Evoli A, Lo Monaco M, Marra R, Lino M M, Batocchi A P, Tonali P A
Institute of Neurology and Hematology, Catholic University, Roma, Italy.
Neuromuscul Disord. 1999 Dec;9(8):601-3. doi: 10.1016/s0960-8966(99)00046-2.
Here we report a patient with a lymphoepithelial thymoma who developed in chronological sequence limbic encephalitis, neuromyotonia and myasthenia gravis. The patient presented with limbic encephalitis associated with an invasive thymoma and improved after surgery and cytotoxic therapy. Two months after thymectomy, neuromyotonia associated with hyperhidrosis and mild motor neuropathy occurred and the patient was given plasma-exchange and prednisone therapy.
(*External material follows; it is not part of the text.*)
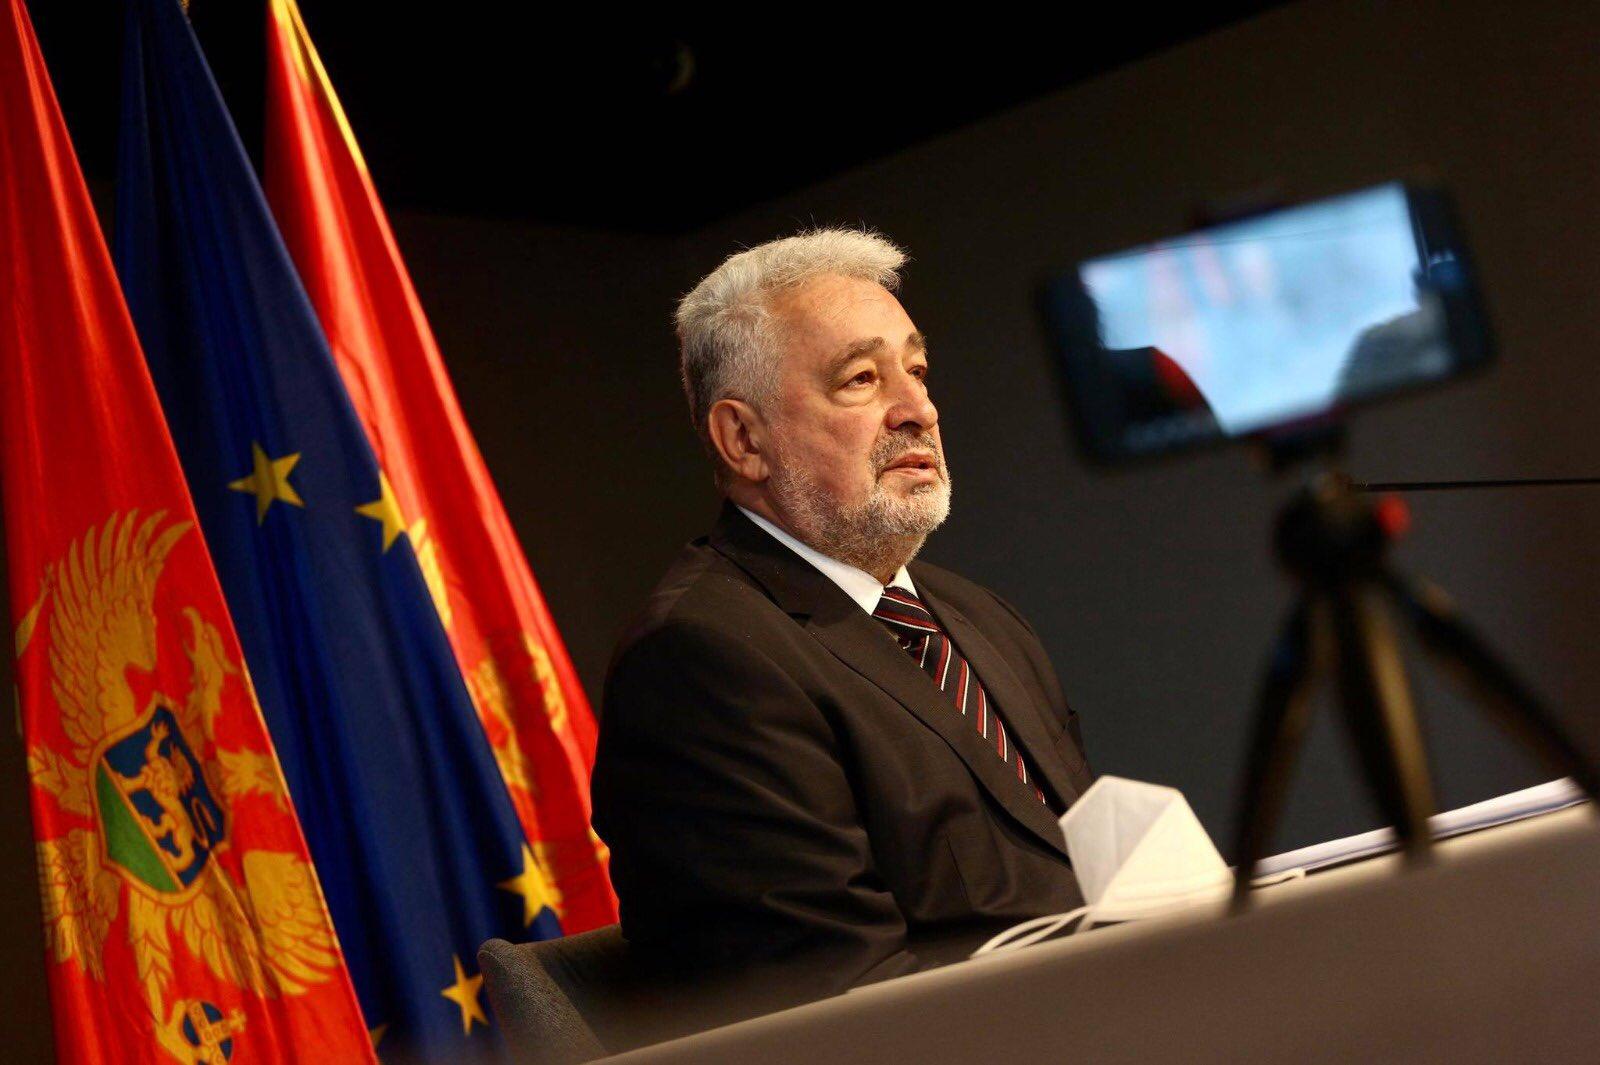 Μαυροβούνιο: Ευχαριστημένος από το έργο της κυβέρνησης ο Krivokapić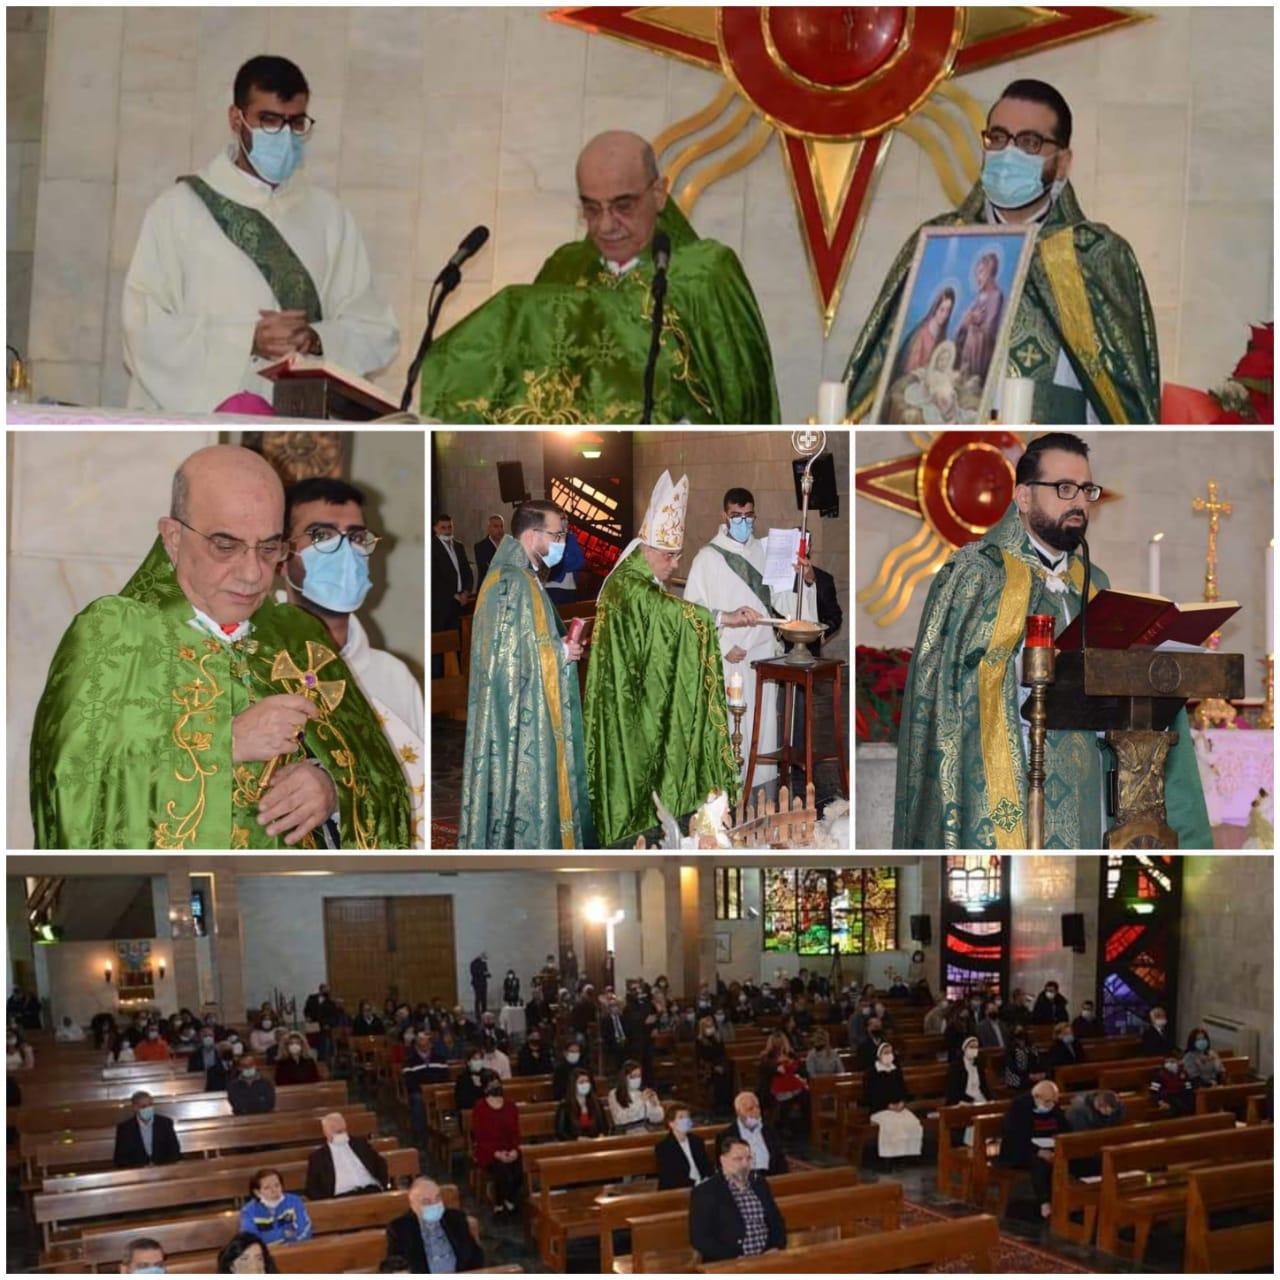 Christmas Divine Liturgy

Five months later he developed mild generalised myasthenia gravis. Anti-acetylcholine receptor antibodies, previously repeatedly negative, were found positive at the onset of clinical signs of myasthenia gravis.
在此,我们报告一例患有淋巴上皮性胸腺瘤的患者,该患者按时间顺序先后出现边缘叶脑炎、神经性肌强直和重症肌无力。患者表现为与侵袭性胸腺瘤相关的边缘叶脑炎,手术及细胞毒性治疗后病情改善。胸腺切除术后两个月,出现与多汗症及轻度运动神经病相关的神经性肌强直,患者接受了血浆置换及泼尼松治疗。五个月后,他出现轻度全身性重症肌无力。抗乙酰胆碱受体抗体此前多次检测为阴性,在重症肌无力临床症状出现时呈阳性。